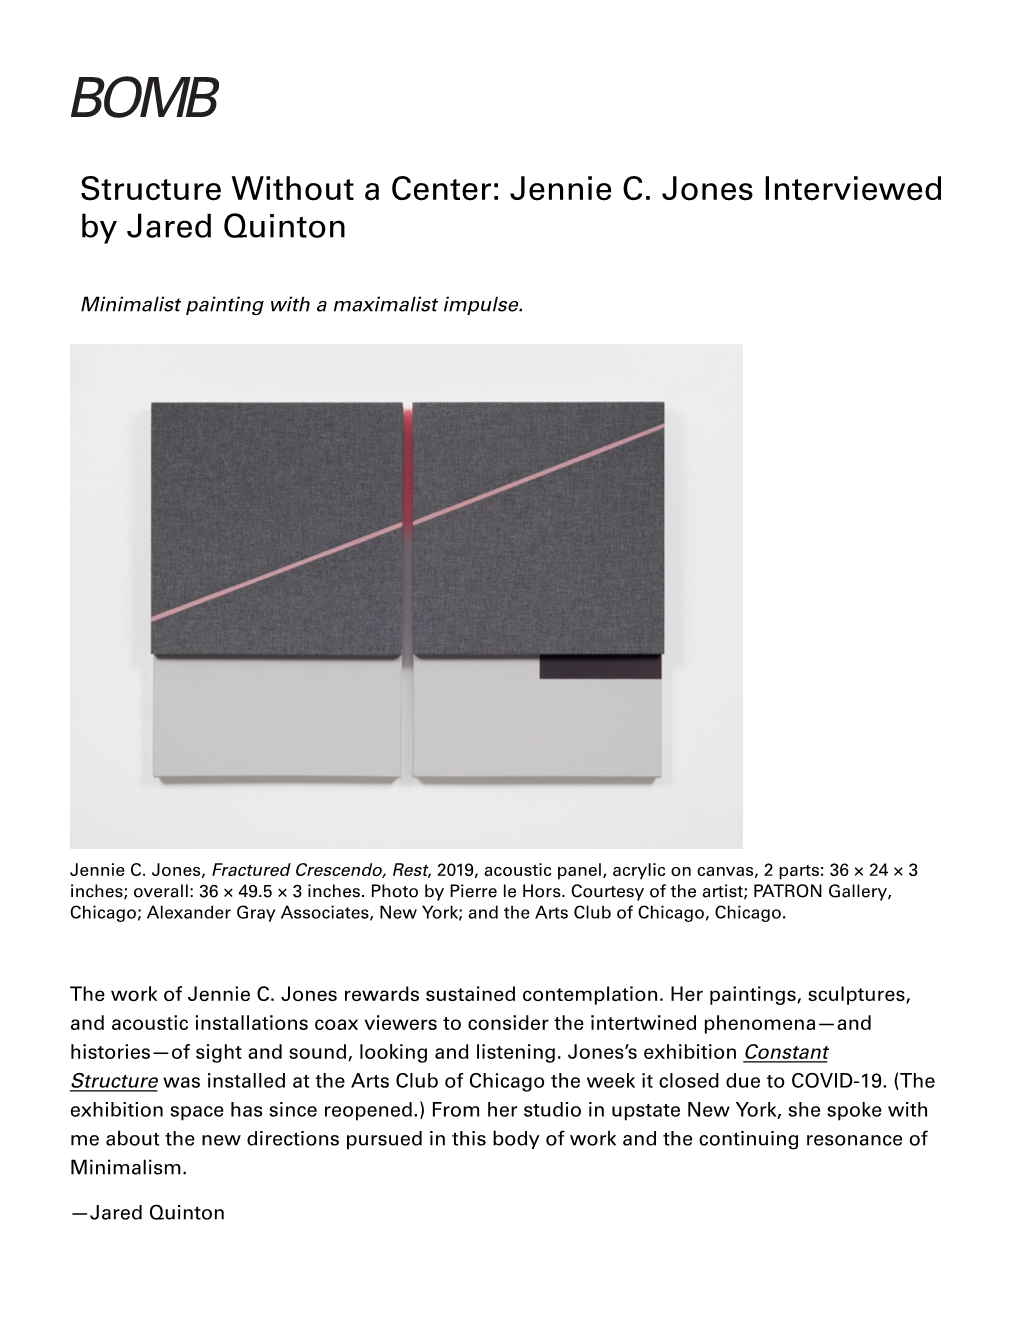 Jennie C. Jones Interviewed by Jared Quinton
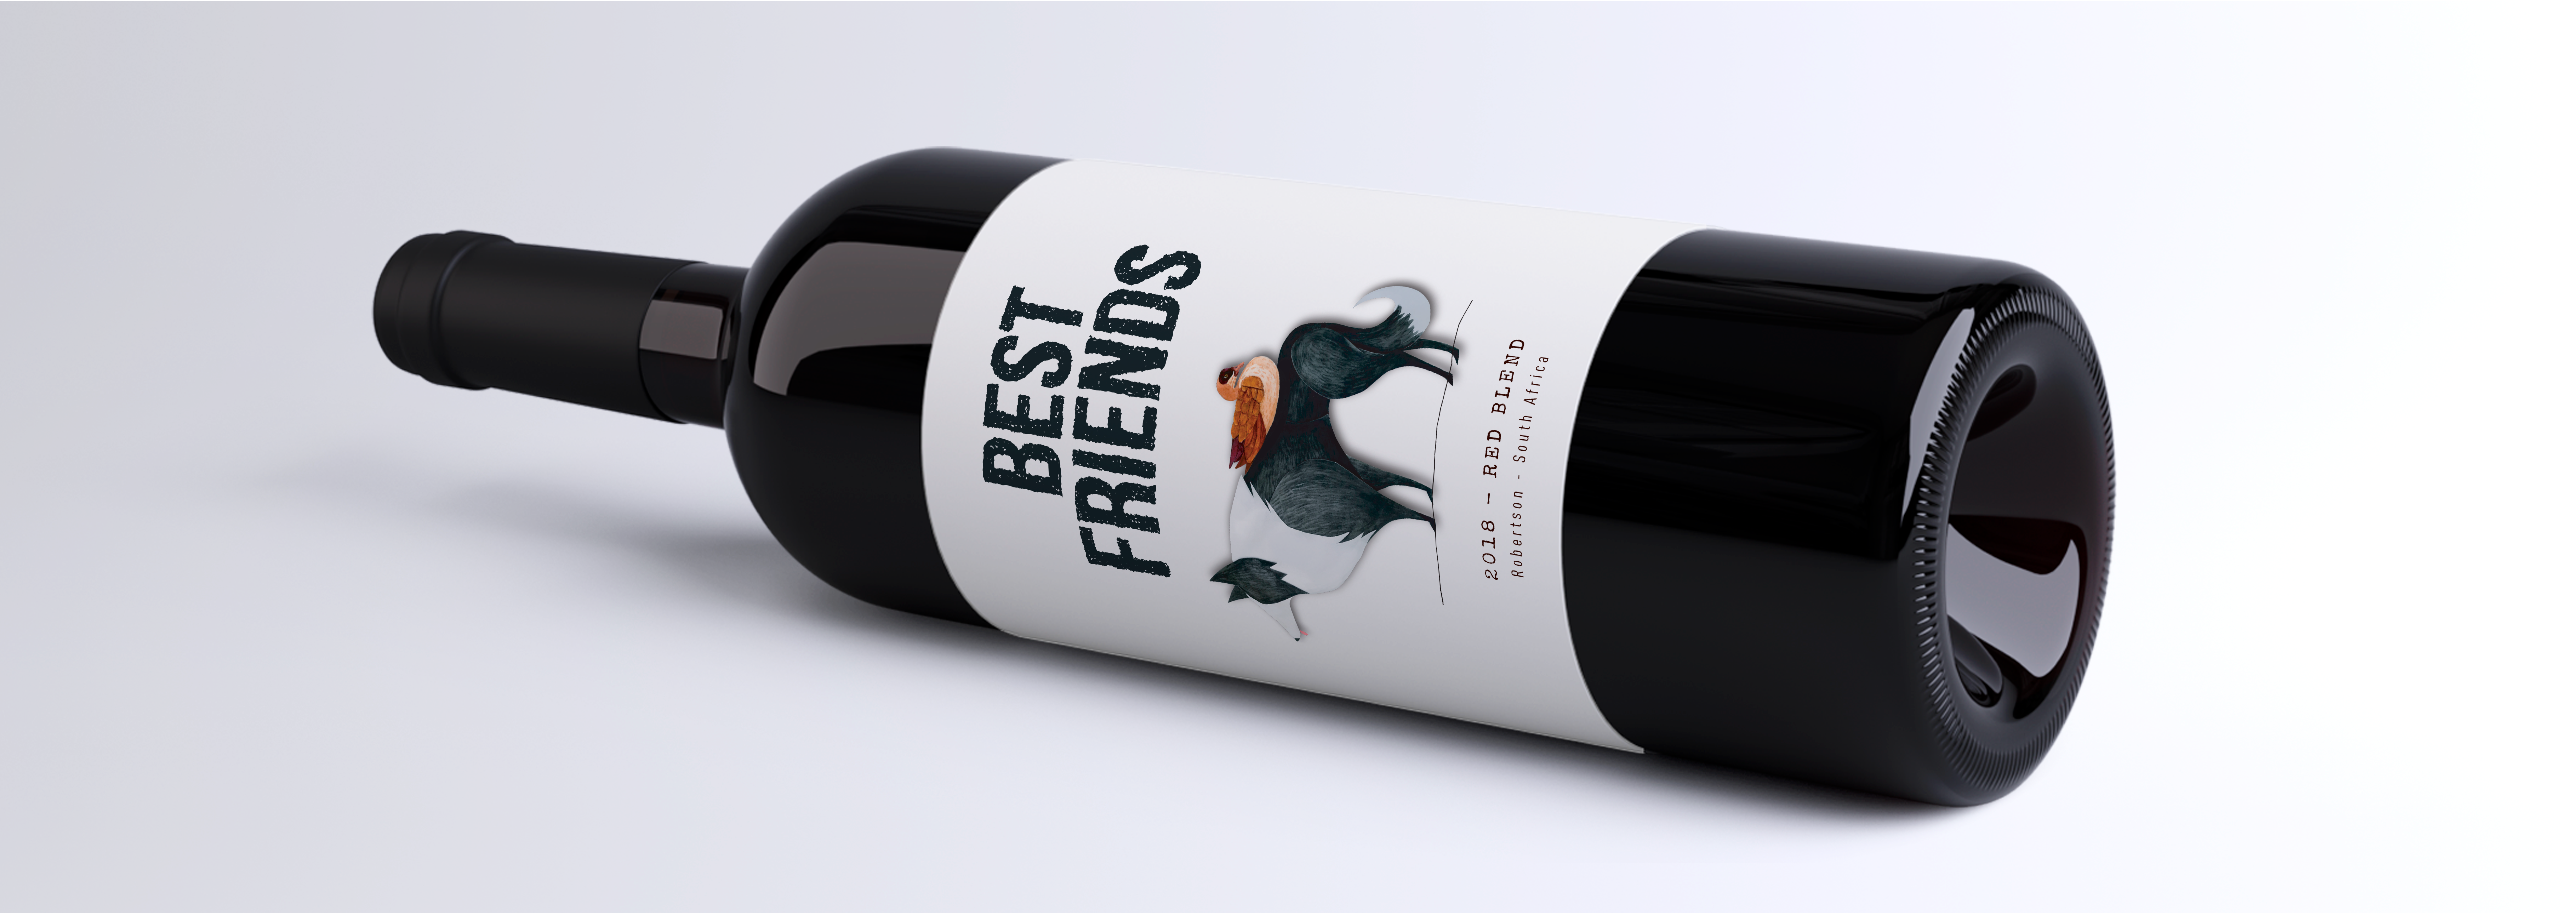 Best Friends - Zandvliet Wine Label Design-4
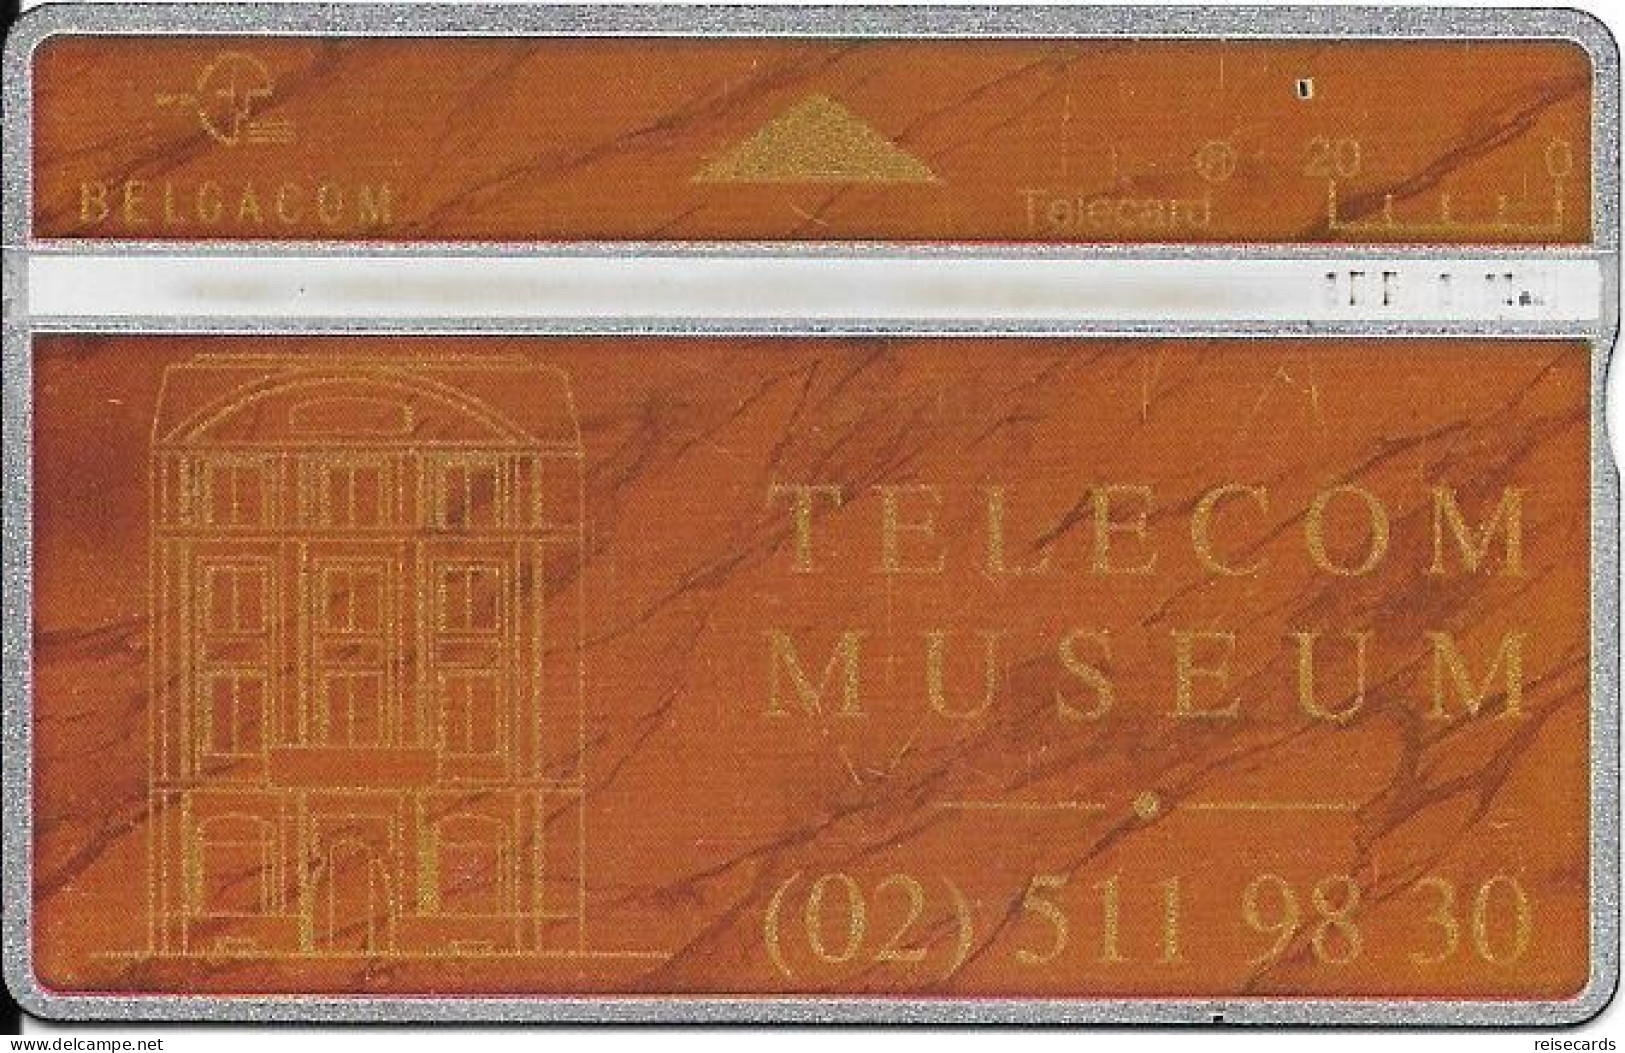 Belgium: Belgacom 407E Telecom Museum - Sin Chip
####
Brief: Every line of the listing is to be repeated exactly, and the pictures are to be dropped.

Written response:
 Jennie C. Jones Interviewed by Jared Quinton
 Best Friends - Zandvliet Wine Label Design-4
 Belgium: Belgacom 407E Telecom Museum - Sin Chip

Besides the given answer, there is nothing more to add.